I must thank @Scot Gould for having asked this question more than a year ago and thus, without meaning to, having been the driving force behind this post.


There is an enormous litterature about Monte-Carlo integration (MCI for short) and you might legitimately ask "Why another one?".



A personal experience.
Maybe if I tell you about my experience you will better understand why I believe that something is missing in the traditional courses and textbooks, even the most renowned ones.

For several years, I led training seminars in statistics for engineers working in the field of numerical simulation.
At some point I always came to speak about MCI and (as anyone does today) I introduced the subject by presenting the estimation of the area of a disk by randomly picking points in its circumsribed square and assessing its area from the proportion of points it contained.

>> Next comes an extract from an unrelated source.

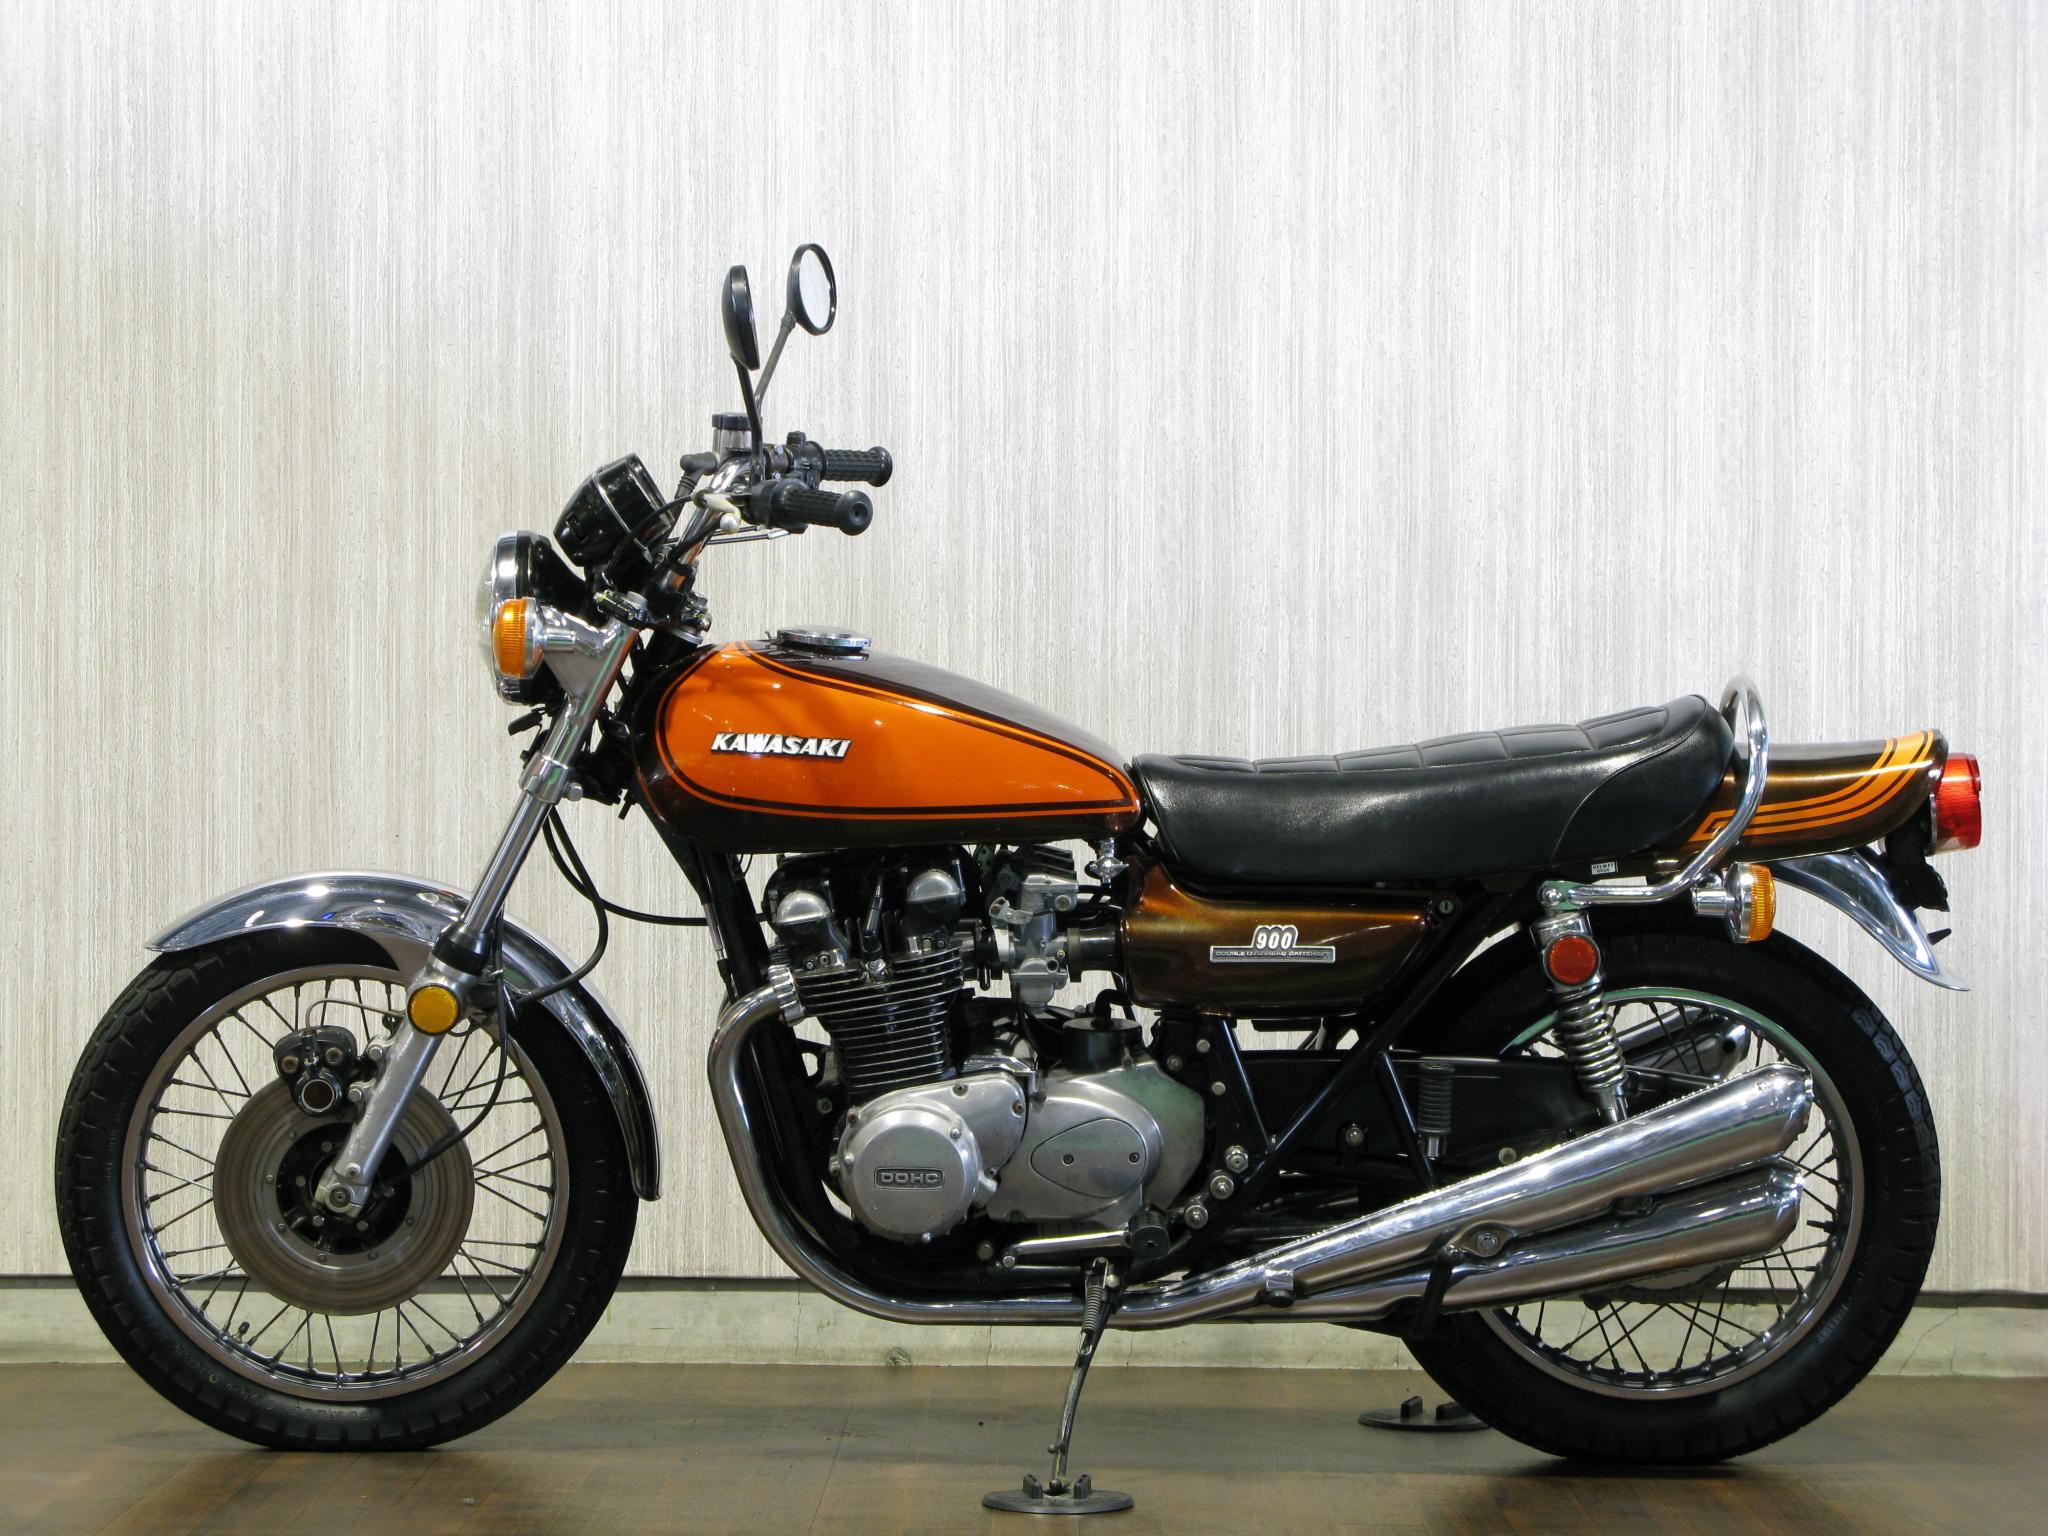 カワサキ 1973 Kawasaki Z1 車体写真4

Once done I switched (still as anybody does) to the Monte-Carlo summation formula (see Wikipedia for instance).

One day an attendee asked me this question "Why do you say that this [1D] summation formula is the same thing that the [2D] counting of points in the [circle within a box] example you have just presented?"
I have to say I was surprised by this question for it seemed to me quite evident that these two ways of assessing the area were nothing but two different points of view of, roughly, the same thing.
So I gave a quick, mostly informal, explanation (that I am not proud of) and, because the clock was running, I kept teaching the class.

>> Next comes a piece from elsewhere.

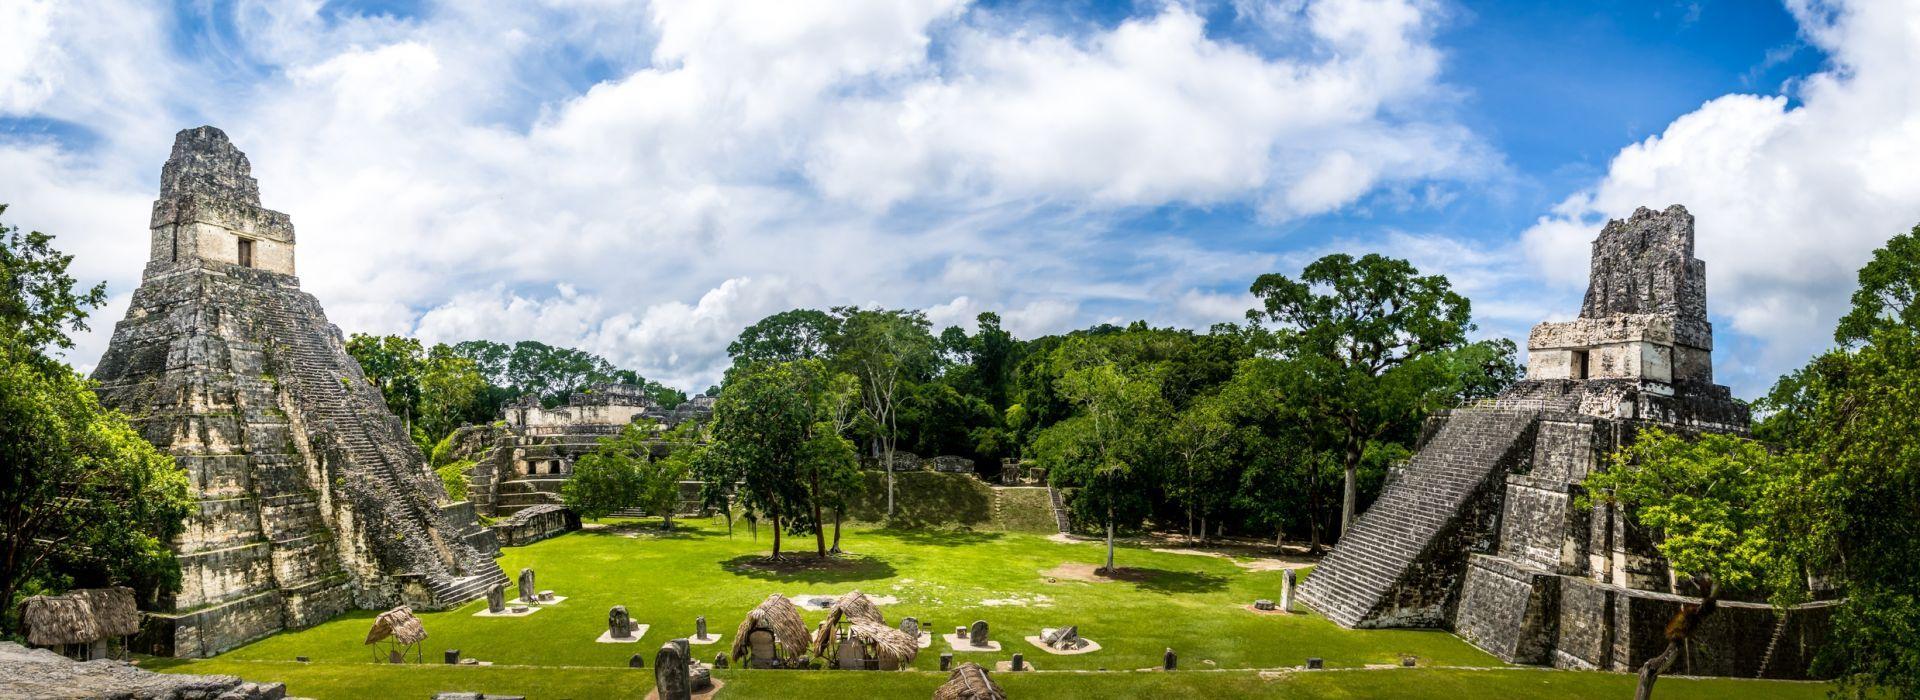 Guatemala Tours and Trips to Guatemala

But this question really puzzled me and I thought for a simple but rigourous way to prove these two approaches were (were they?) equivalent, at least in some reasonable sense.
The thing is that trying to derive simple explanations based on couting is not enough, and that you have to resort to certain probabilistic arguments to get out of it. Indeed, sticking to the counting approach leads to the more reasonable position that these two approaches are not equivalent.

The end of the story is that I spent more time on these two approaches of MCI during the trainings that followed.
Saying that, yes, the summation formula seems to be the reference today, but that the old counting strategy still has some advantages and can even gives access to informations the summation formula cannot.



About this post.
This post foccuses mainly on what I call the Historical viewpoint (counting points), and is aimed, in its first part, to answer the question "Is this point of view equivalent or not to the Modern (summation formula) one?" (And if it is, in what sense is it so?).

Let me illustrate this with the example
@Scot Gould  presented in its question. The brown bold curve on the left figure is the graph of the function  func(x) (whose expression has no interest here) and the brown area represents the area we want to assess using MCI.
In the Historical approach I picked unifomly at random N=100 points within the gray box (of area 2.42), found 26 of them were in the brown region and said the area of this latter is 2.42 x 26/100 = 0.6292. The Modern approach consists in picking uniformly N random points in the range x= [0.8, 3],  and using the blue formula to get an estimation of this same area ((
Lbox is the x-length of the gray box, here equal to 2.2).
The quesion is: Am I assessing the same thing when I apply either method? And, perhaps more importantly,  do my estimators have the same properties?




And here apppears a first problem:

  • Whatever the number of times you repeat the Historical sampling method, even with different points, you will always get a number of points in the brown region between 0 and N included, meaning that if S is the area of the gray box, the estimation of the brown area is always one of these numbers {0, S/N, 2.S/N, ..., S}.
  • At the opposite repetitions of the Modern approach will lead to a continuum of values for this brown area.
  • So, saying the two approaches might be equivalent simply means that a discrete set is equivalent to a non countable one.

If we remain at the elementary counting level, Historical and Modern viewpoints then are not equivalent.



Towards a probabilistic model of the Historical Process:
This goes against everything you may have heard or read: so, are the authors of these statements all wrong?
Yes from a strict Historical point of view, but happily not if we interpret the Historical approach in a more loose and probabilistic manner (although this still needs to be considered carefully as it is shown in the main worksheet).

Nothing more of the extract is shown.